Scanning API by Toolkit

MindSpore Dev Toolkit is a development kit supporting PyCharm and Visual Studio Code plug-in developed by MindSpore, which can scan API based on file-level or project-level.

Refer to PyCharm API Scanning for the tutorials of Dev Toolkit in PyCharm.

api_scan_pycharm

Refer to Visual Studio Code API Scanning for the tutorials of Dev Toolkit in Visual Studio Code.

api_scan_pycharm

Querying the API Mapping Table

Take the PyTorch code migration as an example. After obtaining the reference code implementation, you can filter keywords such as torch, nn, and ops to obtain the used APIs. If the method of another repository is invoked, you need to manually analyze the API. Then, check the PyTorch and MindSpore API Mapping Table. Alternatively, the API searches for the corresponding API implementation.

For details about the mapping of other framework APIs, see the API naming and function description. For APIs with the same function, the names of MindSpore may be different from those of other frameworks. The parameters and functions of APIs with the same name may also be different from those of other frameworks. For details, see the official description.

Processing Missing API

You can use the following methods to process the missing API:

  1. Use equivalent replacement

  2. Use existing APIs to package equivalent function logic

  3. Customize operators

  4. Seek help from the community

Refer to Missing API Processing Policy for details.
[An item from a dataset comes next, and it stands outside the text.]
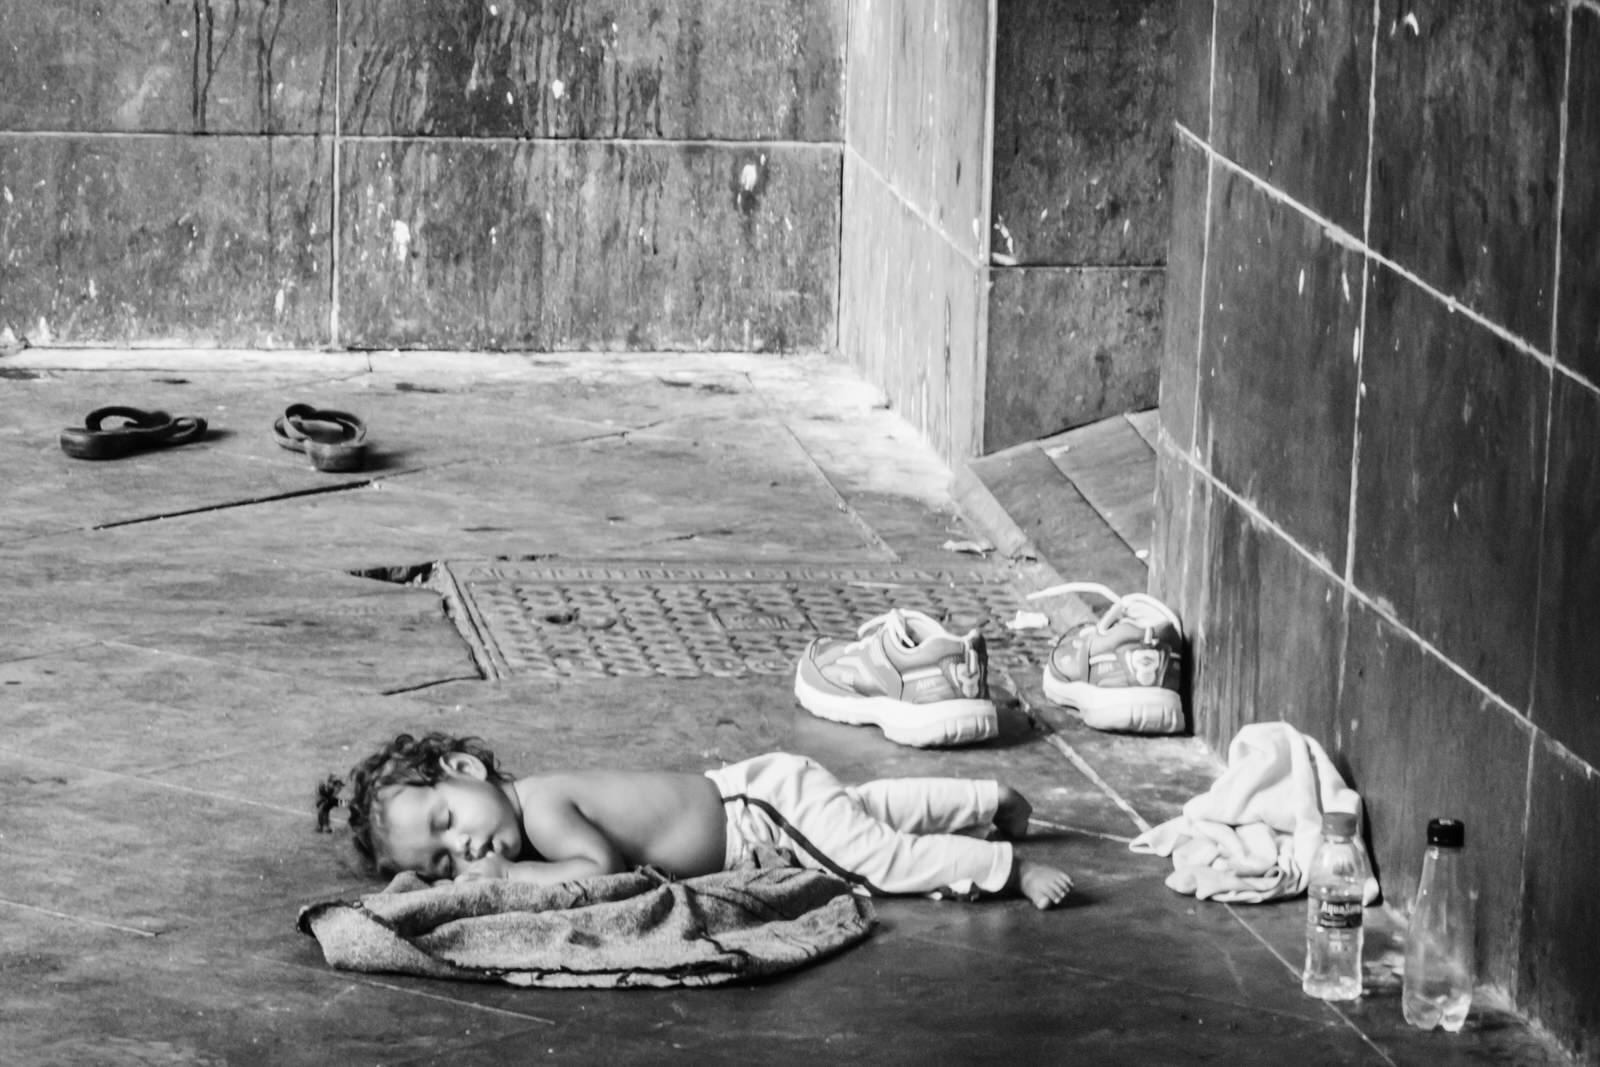 India2016-KathleenHertelPhotography-3.jpg

Analyzing Function Compliance

During continuous delivery of MindSpore, some functions are restricted. If restricted functions are involved during network migration, before migration, functional compliance needs to be analyzed. It can be analyzed from the following points:

  1. Dynamic shape.

  2. Sparse.

Dynamic Shape

Currently MindSpore dynamic shape feature is under iterative development, and the dynamic shape functionality is not well supported. The following will give several scenarios where dynamic shape is introduced. During network migration, the presence of one of the following scenarios indicates the presence of dynamic shape in the network.
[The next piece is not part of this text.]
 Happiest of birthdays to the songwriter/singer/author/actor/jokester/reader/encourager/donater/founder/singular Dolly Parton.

  • Several scenarios that introduces dynamic shapes:

  • Several solutions for dynamic shapes:

    • Input shape is not fixed: Dynamic shape can be converted to static shape through the mask mechanism. Mask mechanism example code is as follows:

      def _convert_ids_and_mask(input_tokens, seq_max_bucket_length):
          input_ids = tokenizer.convert_tokens_to_ids(input_tokens)
          input_mask = [1] * len(input_ids)
          assert len(input_ids) <= max_seq_length
      
          while len(input_ids) < seq_max_bucket_length:
              input_ids.append(0)
              input_mask.append(0)
      
          assert len(input_ids) == seq_max_bucket_length
          assert len(input_mask) == seq_max_bucket_length
      
          return input_ids, input_mask
      
    • There is an API that triggers a shape change during network execution: If this scenario is encountered to introduce a dynamic shape, the essence is that the dynamically changing values need to be modified to a fixed shape to solve the problem. As in the case of the TopK operator, if K is changing during execution, a dynamic shape is introduced. Solution: You can fix a maximum number of targets, first get the confidence level of all targets by static shape, then choose the K number of highest targets as the result output, and other targets are removed by mask mechanism. Sample code such as the multiclass_nms interface of FasterRCNN.
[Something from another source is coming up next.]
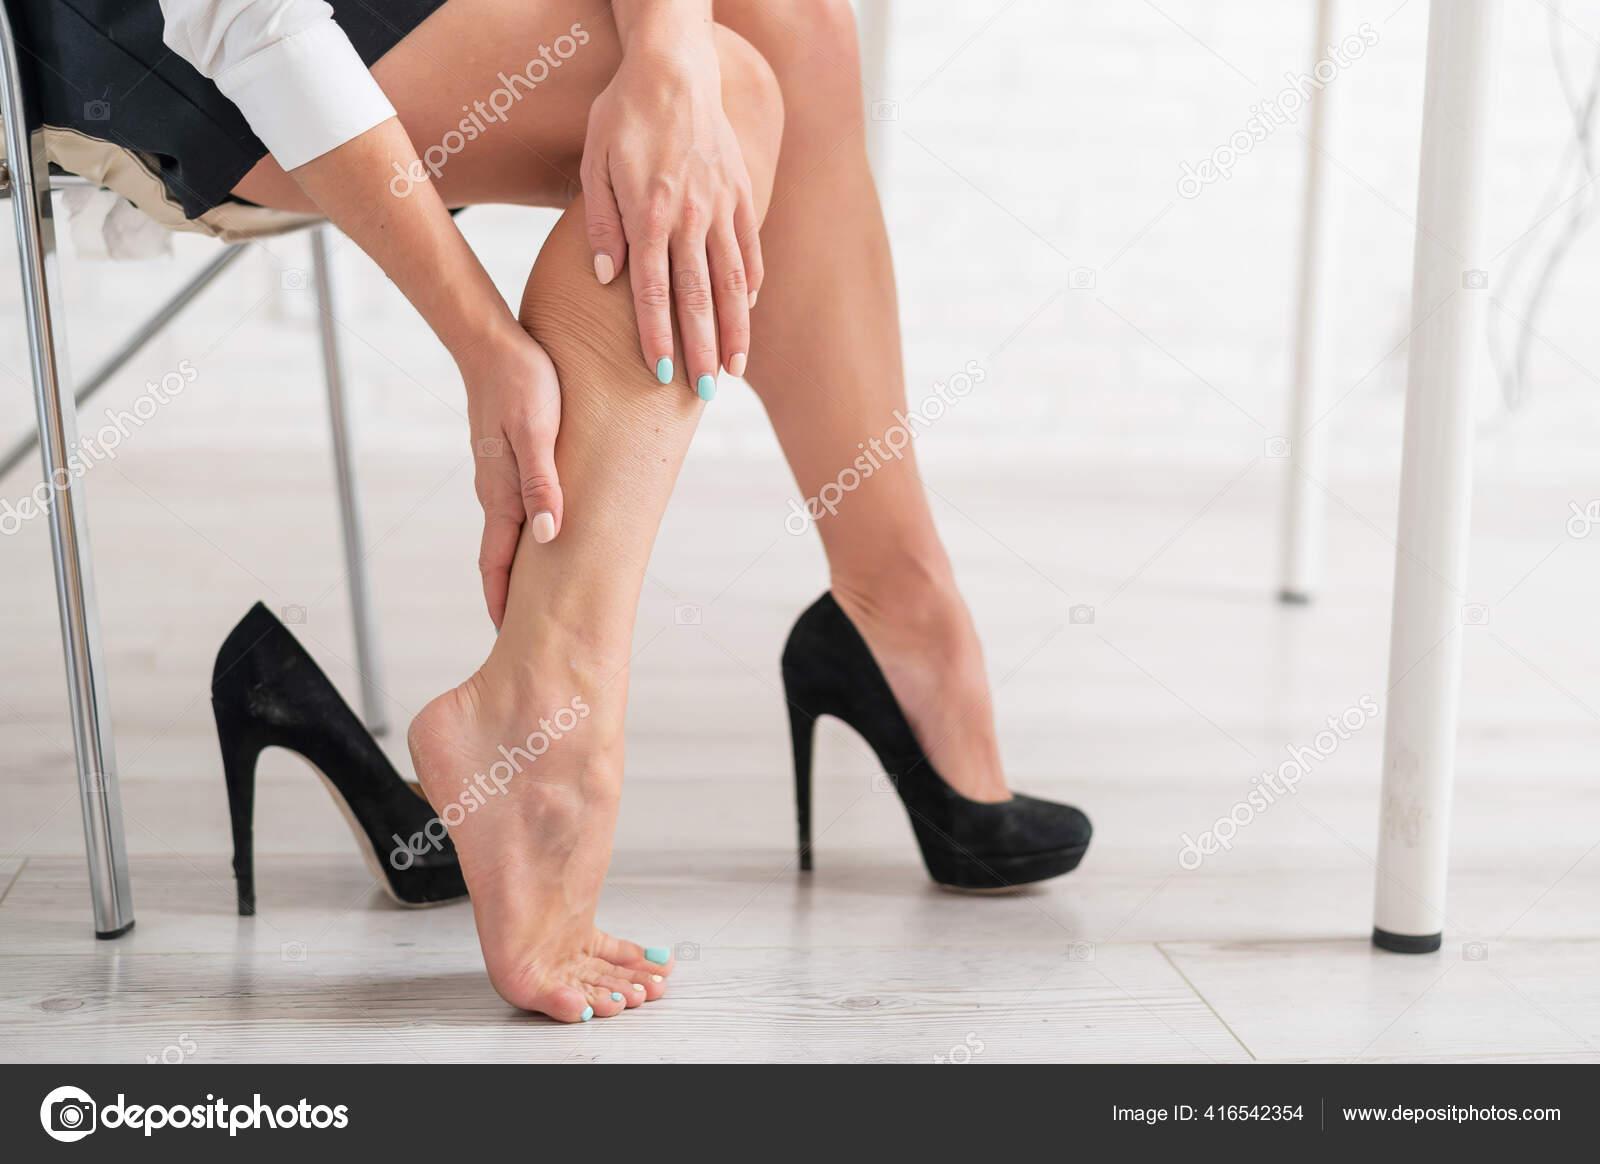 Девушка снимает туфли на работе работа девушки на выставках москва

    • Different branches of the control flow introduce changes on the shape: You can try to use equal, select operators to replace the if condition. Sample code is as follows:

      # Code example for introducing control flow:
      if ms.ops.reduce_sum(object_masks)==0:
         stage2_loss = stage2_loss.fill(0.0)
      # modified code example
      stage2_loss = ms.ops.select(ms.ops.equal(ms.ops.reduce_sum(object_masks), 0), stage2_loss.fill(0), stage2_loss)
      

Sparse

MindSpore now supports the two most commonly used sparse data formats, CSR and COO, but due to the limited support for sparse operators at the moment, most of the sparse features are still limited. In this case, it is recommended to find whether the corresponding operator supports sparse computation first, and if not it needs to be converted to a normal operator. For details, see Sparse.